Edit: The row->column query is hacky and looks like this:

DROP VIEW IF EXISTS v_temp;

CREATE OR REPLACE VIEW v_temp AS
(
SELECT m.datatime,

MAX(IF(metername = 1, metervaluevalue, null)) as "meter1",
MAX(IF(metername = 2, metervaluevalue, null)) as "meter2",
MAX(IF(metername = 3, metervaluevalue, null)) as "meter3"

FROM meters m

WHERE m.datatime >= CAST("2016-05-09 00:00:00" AS DATETIME)
AND m.datatime <= CAST("2016-05-11 23:59:00" AS DATETIME)

GROUP BY datatime
);

SELECT datatime,

ROUND(AVG(meter1), 0) as meter1_avg,
ROUND(AVG(meter2), 0) as meter2_avg,
ROUND(AVG(meter3), 0) as meter3_avg

FROM v_temp

GROUP BY DATE(datatime), HOUR(datatime), MINUTE(datatime)
ORDER BY datatime ASC

Answer

So is this a good idea to basically turn those 50 rows into columns of the table?

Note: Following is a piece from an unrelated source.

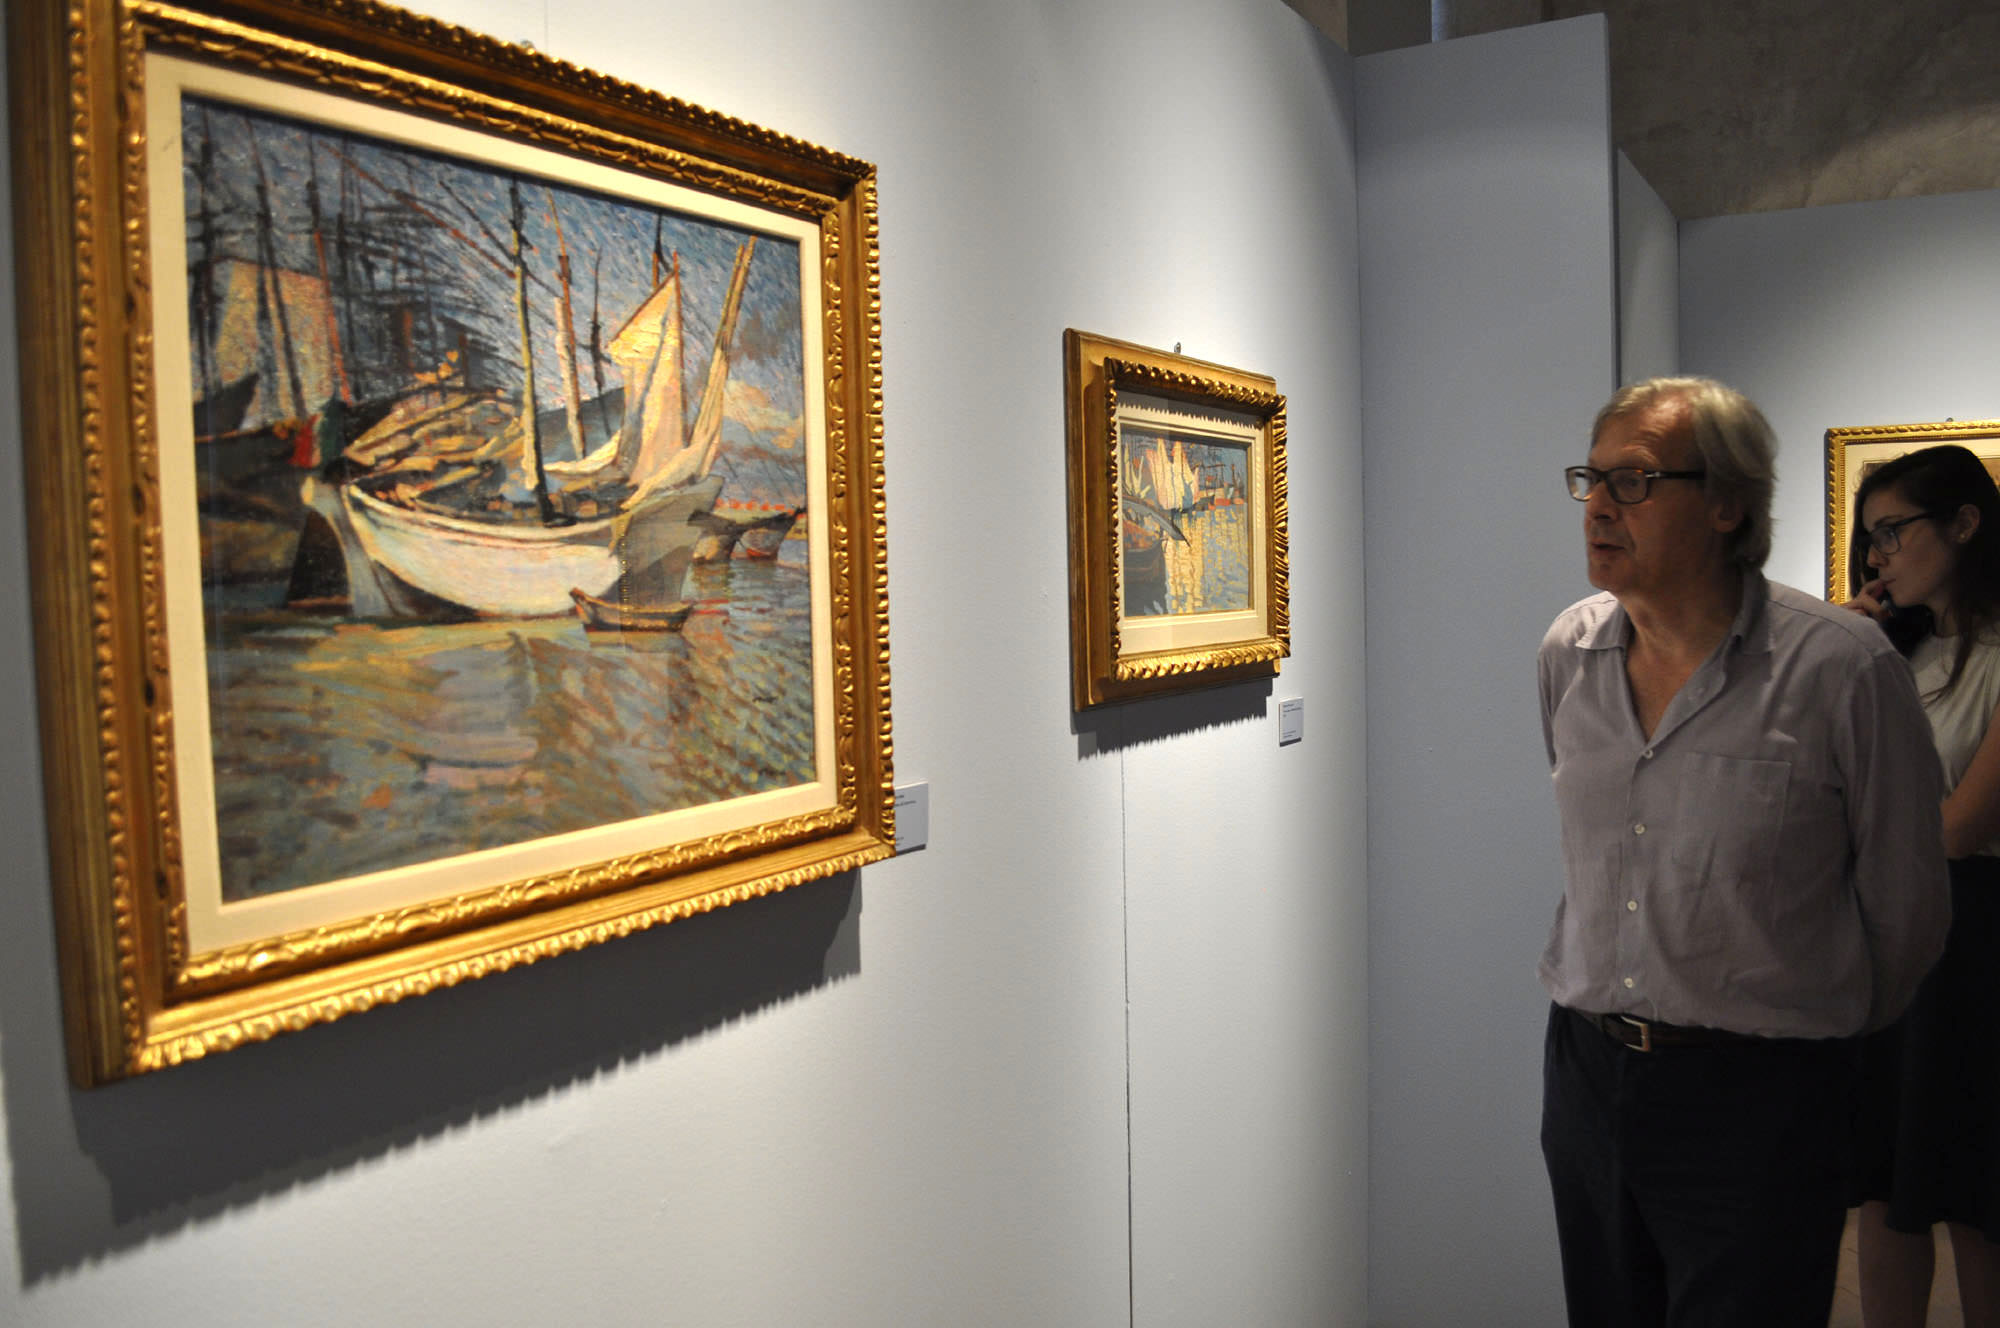 Ultimi giorni per ammirare l’arte di Mario Puccini, il “Van Gogh” italiano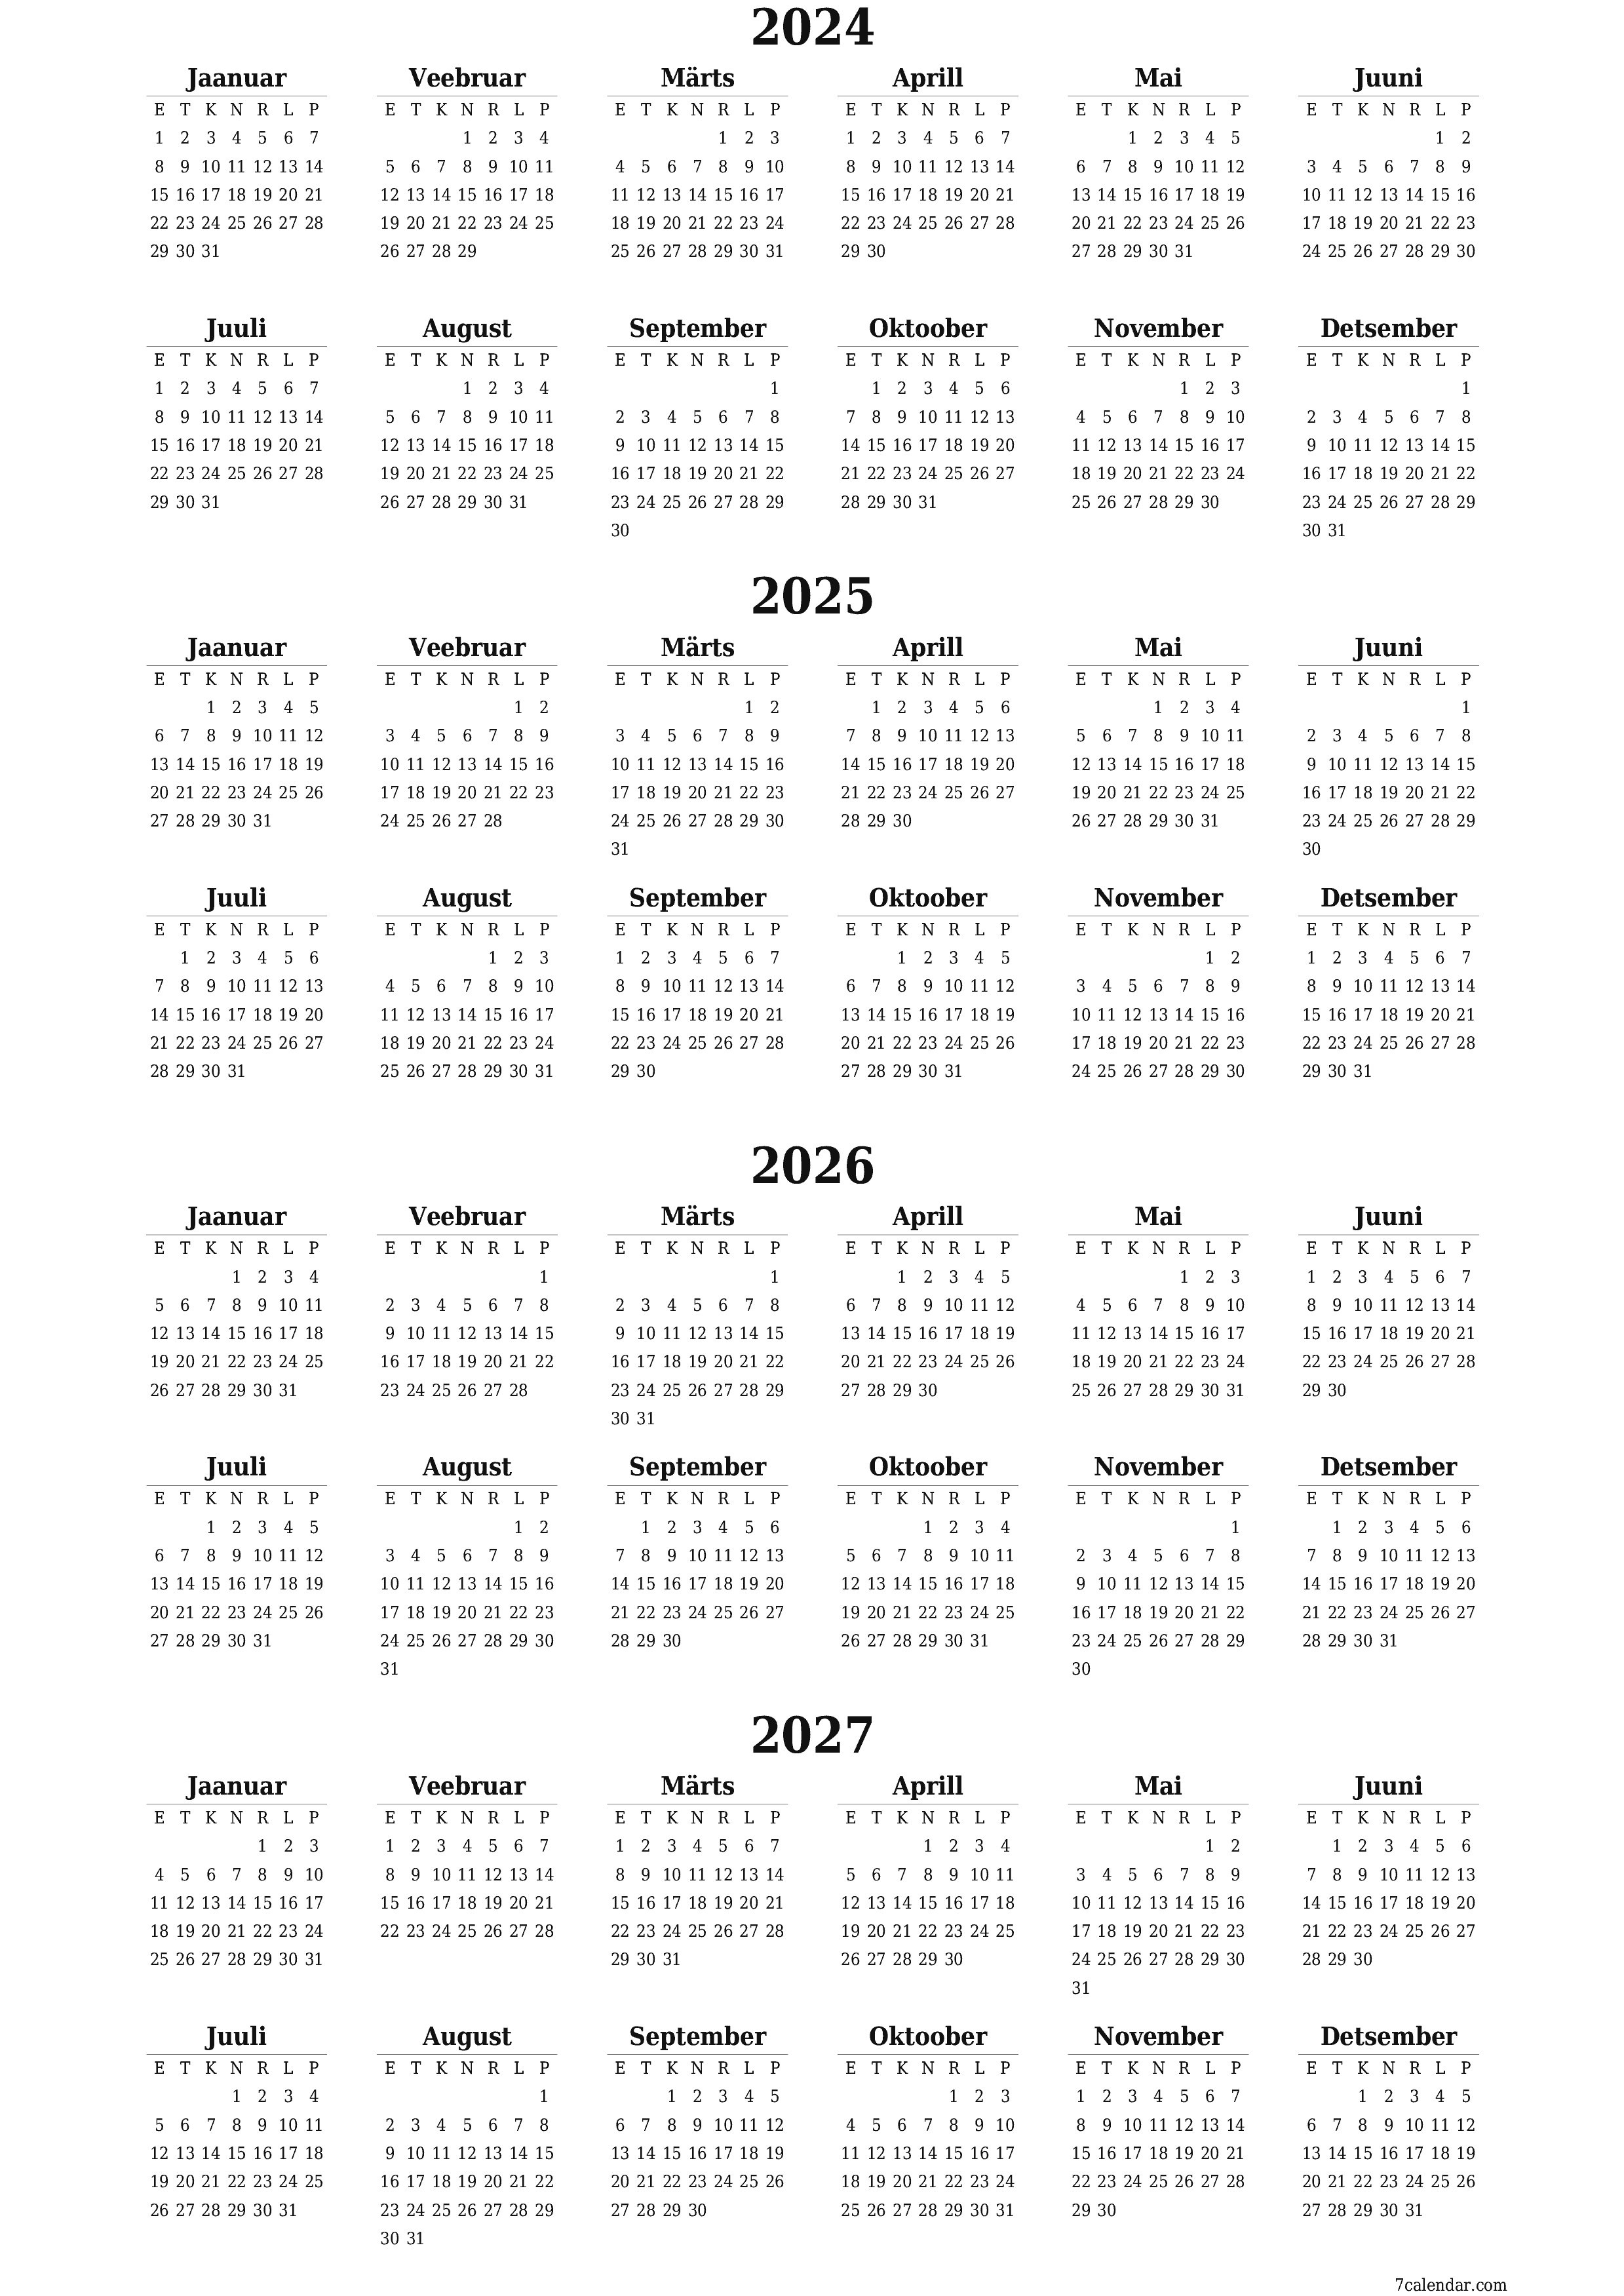 prinditav seina kalendri mall tasuta vertikaalne Iga-aastane kalender Detsember (Dets) 2024

In your position I would keep the existing structure and add a summary table that maintains the number of records for each meter and also the sum. I would not bother to keep an average because that can be calculated quite easily from the count and the sum.

Which would basically divide the amount of rows by 50 and make summing a lot easier, because now I can just sum every row to get:

id, datetime, meter_1_value_summed, meter_2_value_summed, ..., meter_n_value_summed

So is this a good idea to basically turn those 50 rows into columns of the table? I also tried doing

I believe that this would not give you a definite advantage because you would be doing a full table scan and calculating for all 50 columns. That could turn out to be much slower than the current summation.

Using an index as suggested by Gordon will help you get the sum and average for a single meter but if you would need to sum and average for all the meters you would still be reading the full table. Slow.

The summary table.

My proposed summary table would be something like this

meter_number, num_records, summation.

You would be updating this table with the aid of a trigger so that calculation is a trivial addition. Retrieval of the sum and average is a trivial query, you need to read only 50 records. No calculations except for summation/num_records.